No consiste en controlar la internet.
Por el contrario, las reglas propuestas para la neutralidad de la red garantizarán que el acceso a
internet permanezca abierto, de modo que se escuchen todos los puntos de vista, incluidos aquellos con
los que no estoy de acuerdo, sin hacer diferencias. Más aún, estos principios protegen a los consumidores
y al mismo tiempo mantienen un ecosistema de internet de banda ancha robusto y competitivo, porque
sabemos que se requiere competencia para acceder a una internet robusta, abierta y accesible para todos.

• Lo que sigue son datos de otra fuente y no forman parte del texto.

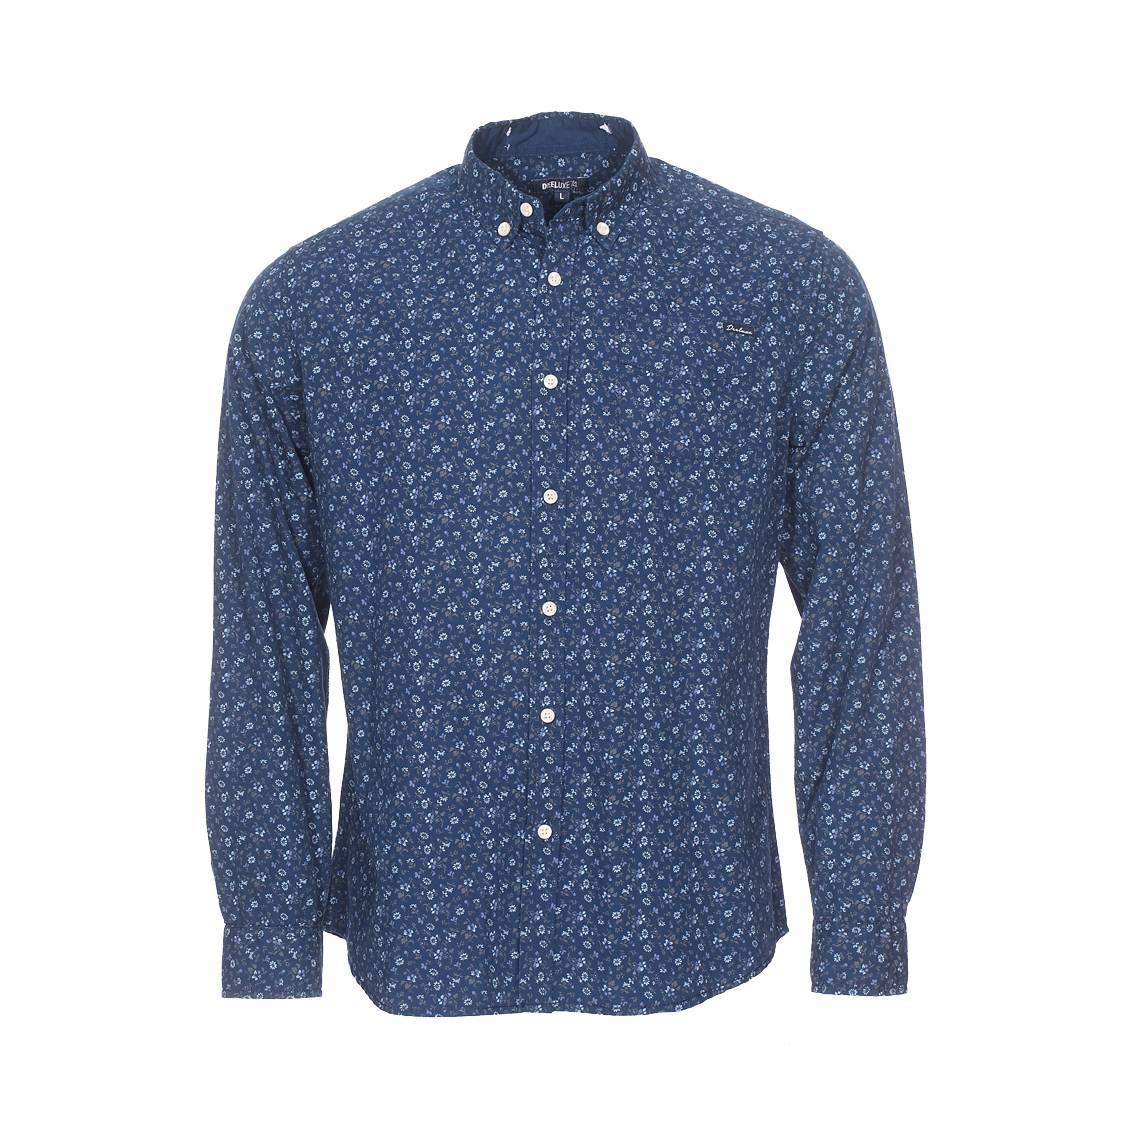 Chemise cintrée  poloma en coton bleu marine à motif floral imprimé

Nuestra meta es implementar este marco legal para seguir fomentando la inversión a gran escala
en banda ancha que vimos cuando se establecieron las políticas de neutralidad de la red, antes de 2017 y
que se mantenga la inversión a gran escala en banda ancha que vimos cuando se mantuvieron las políticas
de neutralidad de la red, después de 2017, mientras algunos estados implementaron paulatinamente sus
propias reglas, tras la eliminación de las protecciones federales. Mientras buscamos restablecer estas
reglas, también debemos reconocer los potenciales efectos en los proveedores de servicios de internet
(Internet Service Providers), especialmente sobre las pequeñas empresas proveedoras de servicios de
internet. Muchos de estos proveedores juegan un papel crucial en el fomento de la competencia,
especialmente en áreas no atendidas y en áreas rurales. Debemos asegurarnos de que las reglas de
neutralidad de la red no signifiquen una carga excesiva en estos proveedores de menor tamaño, mientras
nos apegamos a los principios fundamentales de una internet abierta. Estoy disponible a escuchar sus
puntos de vista en este procedimiento.
Y lo más importante, debemos priorizar a los consumidores. Debemos prestar atención a las
comunidades que históricamente han quedado en el lado equivocado de la brecha digital. Aunque todos
nos arriesgamos al fracaso si no tomamos medidas para garantizar las protecciones adecuadas, son las
comunidades que históricamente han sido desatendidas las que arriesgan mayores pérdidas.
Espero que haya un registro sustancial de comentarios y así poder conocer la opinión de los
consumidores y de otras partes interesadas respecto a cuáles serían las mejores formas y enfoques para
que este recurso de crítica importancia que es la internet se mantenga abierto y accesible para todos.
Gracias al personal de toda la agencia por su trabajo en este tema y a la oficina de competencia en línea
fija (Wireline Competition Bureau) por liderar los esfuerzos de redacción.